By Kirk Petersen
The Rt. Rev. George Nelson Hunt III, who served as the 11th Bishop of Rhode Island from 1980 to 1994, died October 23 in California after a long illness, surrounded by his family, the diocese announced. He was 90.
Hunt took an active role in secular affairs, according to a history on the diocesan website. “Bishop Hunt is perhaps best noted for his long struggle to call the state’s government to accountability, crusading fearlessly against corruption, organized crime, and gambling, and for his insistence that the process for ordination in the Diocese would not discriminate against anyone on the basis of gender or sexual orientation.”
His secular activism extended to international relations. The Living Church reported in May 1983 that Hunt was one of three bishops who took a fact-finding trip to Nicaragua, and on their return they urged President Ronald Reagan to initiate a dialogue with the country’s Marxist Sandinista government.
“In my mind, there is no question whatever that the CIA has been directly involved in an attempt to subvert the present government and to bring it down,” Hunt said. The article added that Hunt “has changed his attitude toward Marxism. Whereas he formerly thought Marxism and Christianity incompatible, he now sees ‘that is is possible for Marxist ideology to evolve in such a way that both the church and the Marxist ideology can live compatibly in the same person.'”
Hunt chaired what became known as the Hunt Commission, which recommended to the 1991 General Convention “that the ordination of gay candidates to the priesthood should be left to the discretion of local bishops,” Episcopal News Service reported in 1991. The commission also recommended “that the church consider blessing the relationships of committed gay and lesbian couples.”
According to the Association for Episcopal Deacons, Hunt ordained a class of deacons in 1985, “beginning the revival and resurrection of the vocational Diaconate not only in the Diocese of RI, but also in the Province of New England.”
Hunt was born in Louisville, Kentucky, on December 6, 1931, and graduated from the University of the South: Sewanee in 1953. In 1956 he received a master of divinity degree from Virginia Theological Seminary, and was ordained as a priest.

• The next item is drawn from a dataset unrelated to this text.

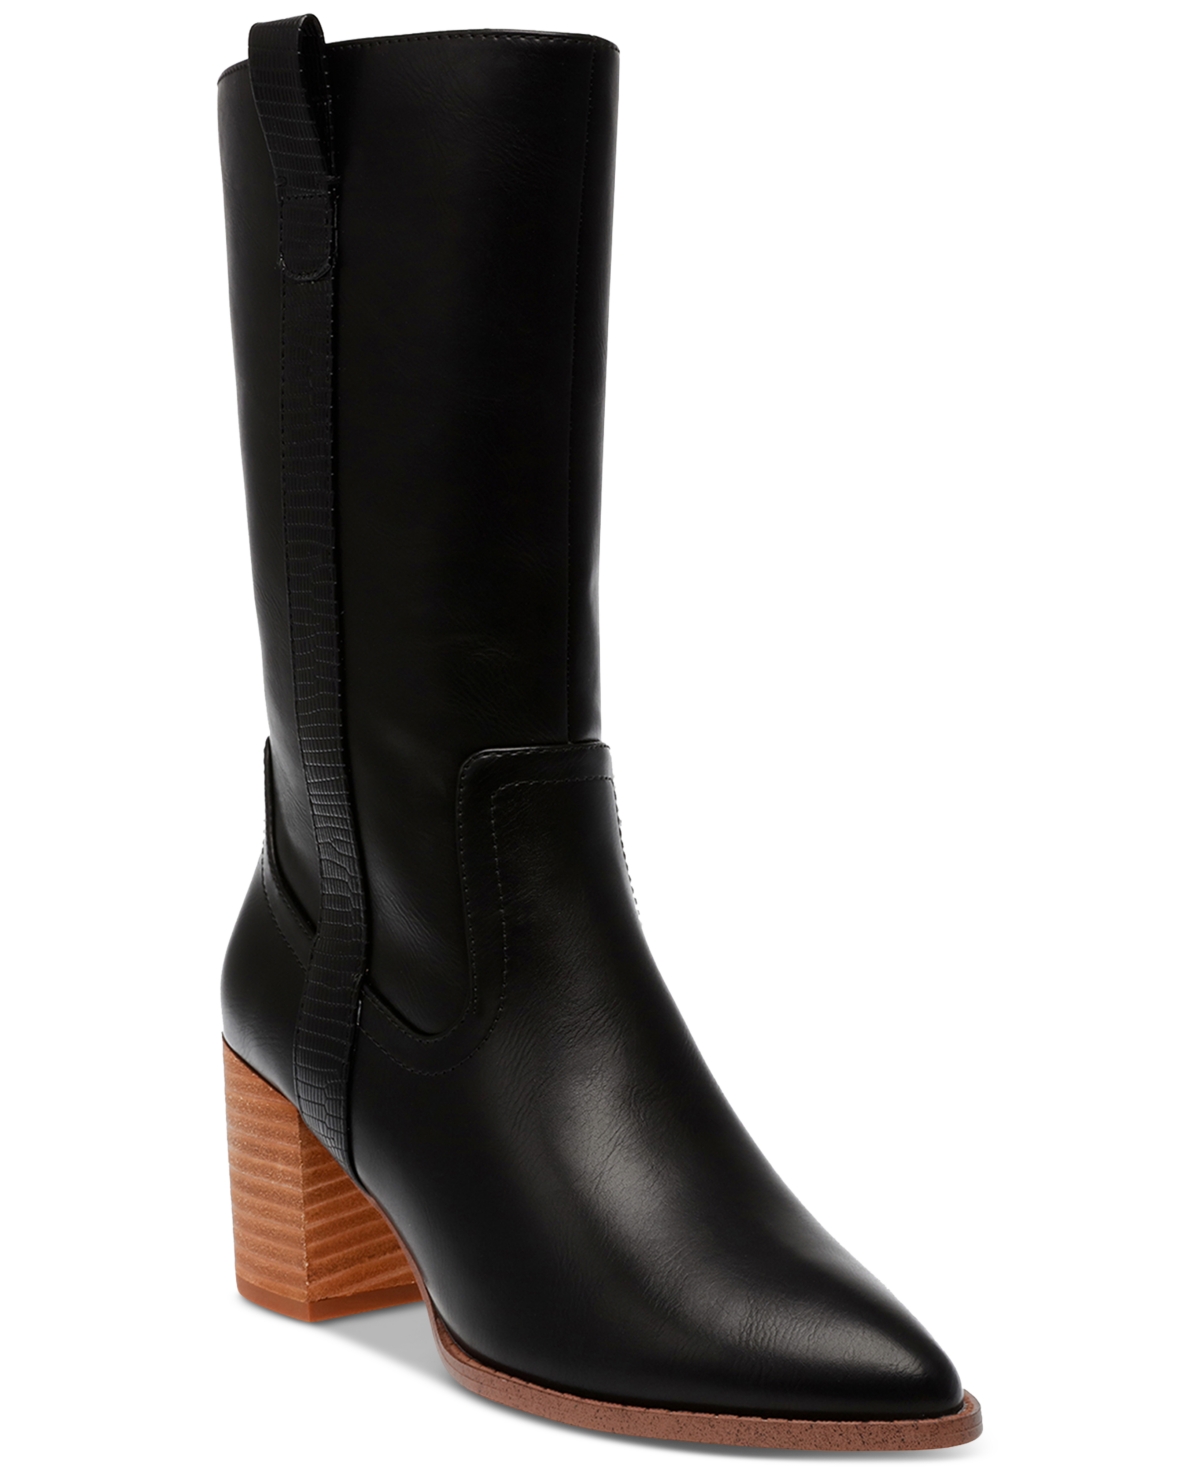 Women's Tezza Block Heel Boots - Black

He later received honorary degrees from Yale and the University of Rhode Island. He served several churches in Wyoming and California, and was the executive officer of the Diocese of California before being consecrated as Bishop of Rhode Island in 1980. In 1994, he retired in Rhode Island and served as interim Bishop of Hawaii from 1995 to 1996.
He married Barbara Noel Plamp in 1955, and the couple had three children. Funeral arrangements are pending.